▶ **YOUR TASK**
The listing that follows must be retyped exactly, without its pictures.

▶ **SUPPLIED INFORMATION**

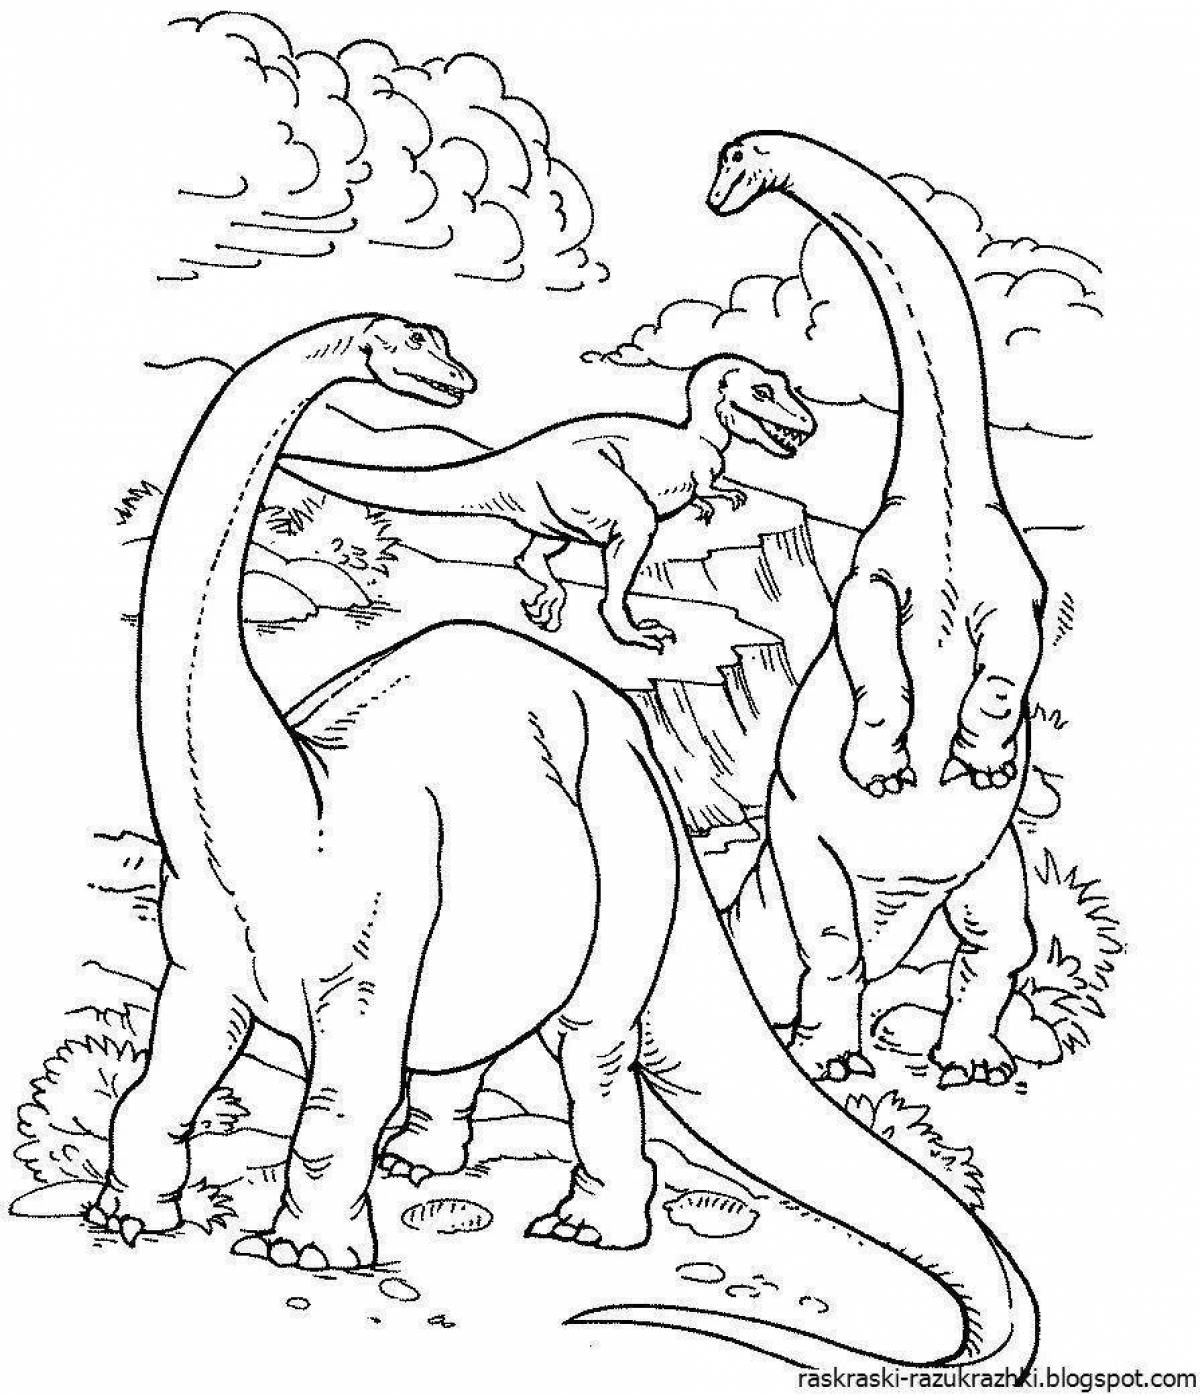 Великолепная раскраска динозавров для детей 7 лет
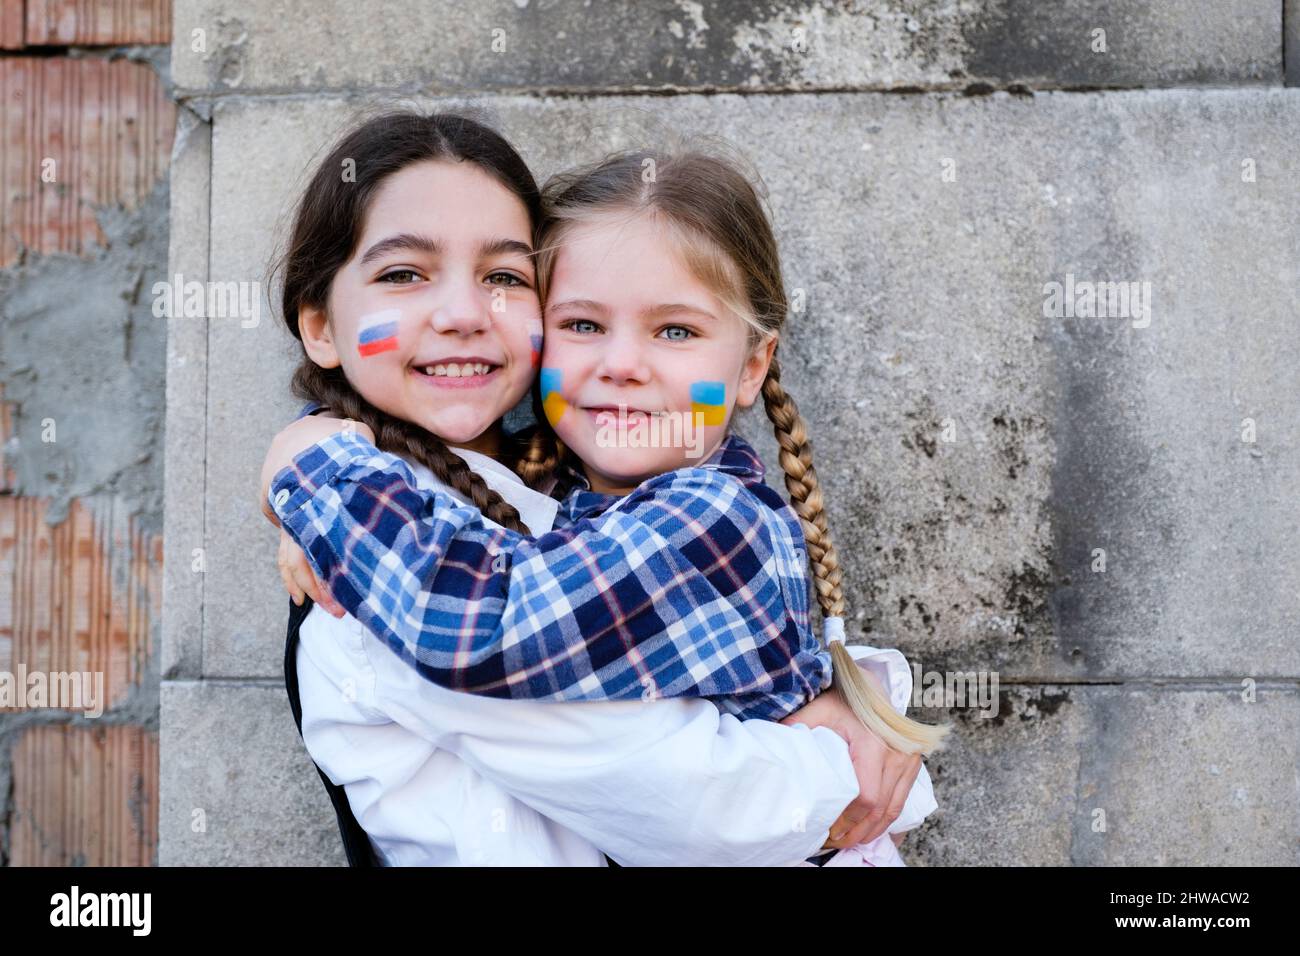 Portrait de deux petites filles qui embrassent le visage avec des drapeaux russes et ukrainiens. Concept de paix, mettre fin à la guerre et à l'amitié des enfants Banque D'Images
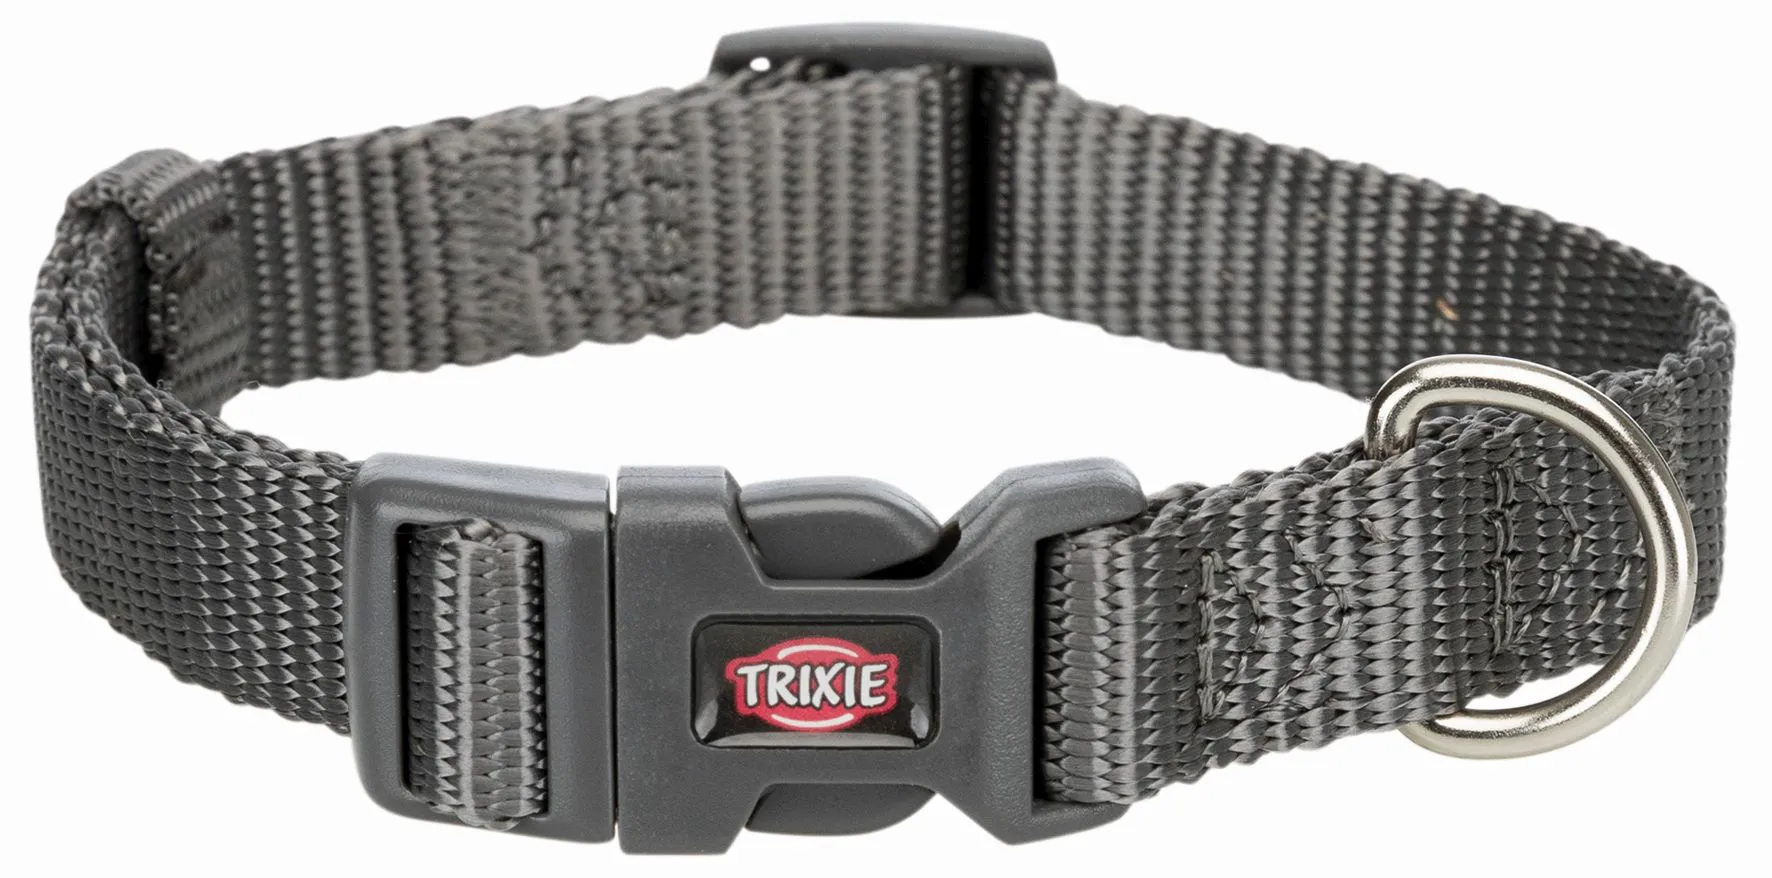  Ошейник Trixie Premium, XXS-XS, 15-25см, 10мм, графит

▶ **RESPONSE AREA**
 Великолепная раскраска динозавров для детей 7 лет
 Portrait de deux petites filles qui embrassent le visage avec des drapeaux russes et ukrainiens. Concept de paix, mettre fin à la guerre et à l'amitié des enfants Banque D'Images
  Ошейник Trixie Premium, XXS-XS, 15-25см, 10мм, графит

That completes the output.